Segundo o jornal "Le Parisien", com base em relatório secreto, experimentos ocorreram no Saara argelino nos anos 60
LUCIANA COELHO
Um relatório secreto e anônimo escrito por militares franceses e obtido pelo jornal "Le Parisien" indica que a França usou seus soldados como cobaias em testes nucleares na primeira metade dos anos 60.
Segundo o relatório "A gênese da organização e experimentação no Saara", pelo menos um dos testes conduzidos no deserto, em 1961, visava "estudar os efeitos fisiológicos e psicológicos das armas nucleares sobre o homem", afirma o "Parisien" na edição de ontem.

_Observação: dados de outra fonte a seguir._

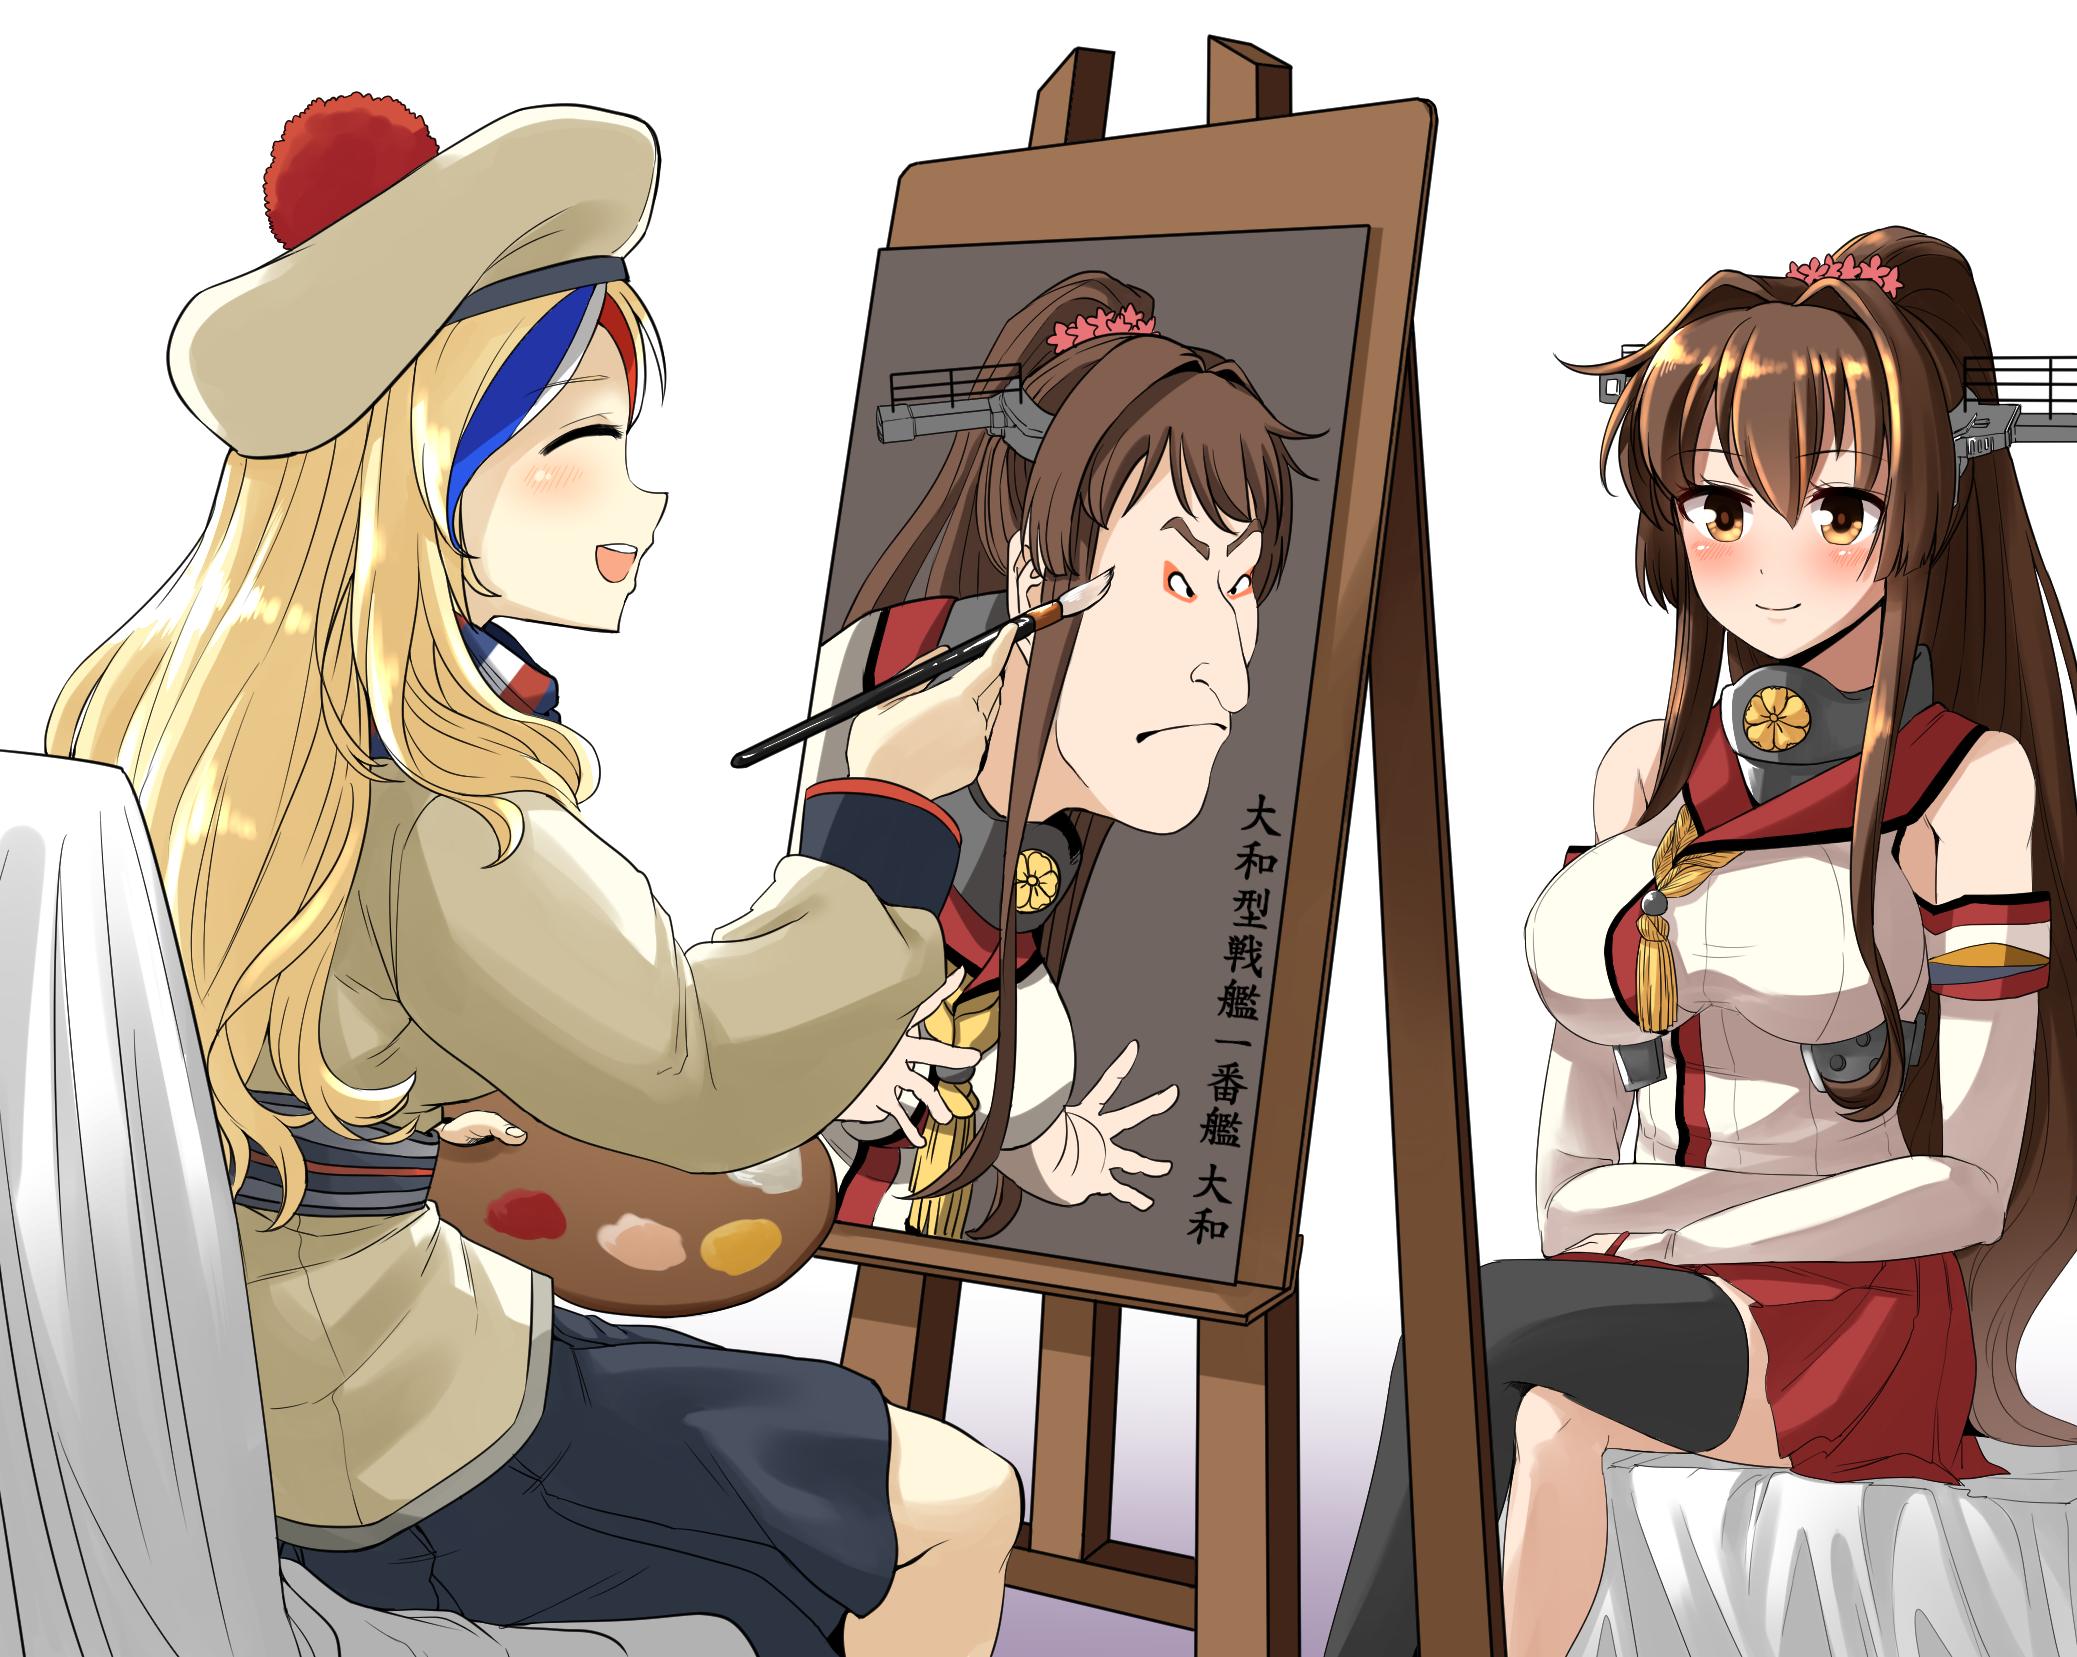 commandant_teste_and_yamato_kantai_collection_drawn_by_yong_gok__aae7cfb35b1cb72d54a6ad6d76881a3f.png

"Nosso pelotão foi incumbido de simular a guerra atômica. Achávamos até que tínhamos sorte, comparando com quem estava na guerra de verdade", diz um dos soldados citados.
Em outro trecho, é descrito um experimento no qual um grupo de soldados foi colocado a 700 metros do local de uma explosão para verificar os efeitos da radioatividade. Após assistir à detonação, de dentro de tanques em uma distância de 1,5 km, o grupo caminhou a pé, sem máscaras, em direção ao local. Recolocado em blindados, eles chegaram a até 275 metros do ponto zero, apenas uma hora após o teste.
Segundo o "Parisien", o relatório foi escrito em 1998 -ano em que o então presidente Jacques Chirac pôs fim aos testes nucleares (foram 210 de 1960 a 1996; o Saara foi trocado pela Polinésia francesa em 1966).
No passado, soldados franceses reclamaram de terem sido tratados como cobaias, sem a proteção adequada, em testes de radiação. Em dezembro, o Parlamento aprovou a compensação de alguns veteranos.
Mas o documento que veio à tona ontem, se autêntico, seria o único conhecido sobre tais experiências, afirmou ao jornal Patrice Bouveret, presidente do Observatório das Armas, um centro de estudos sobre conflitos e paz. Além disso, disse ele à BBC, mostra que as autoridades francesas estavam cientes dos riscos para seus soldados.
O atual ministro francês da Defesa, Hervé Morin, afirmou que nunca soube do relatório. E disseque o nível de radiação a que os soldados foram expostos era "muito baixo", citando teores constatados em argelinos que viviam nas cercanias.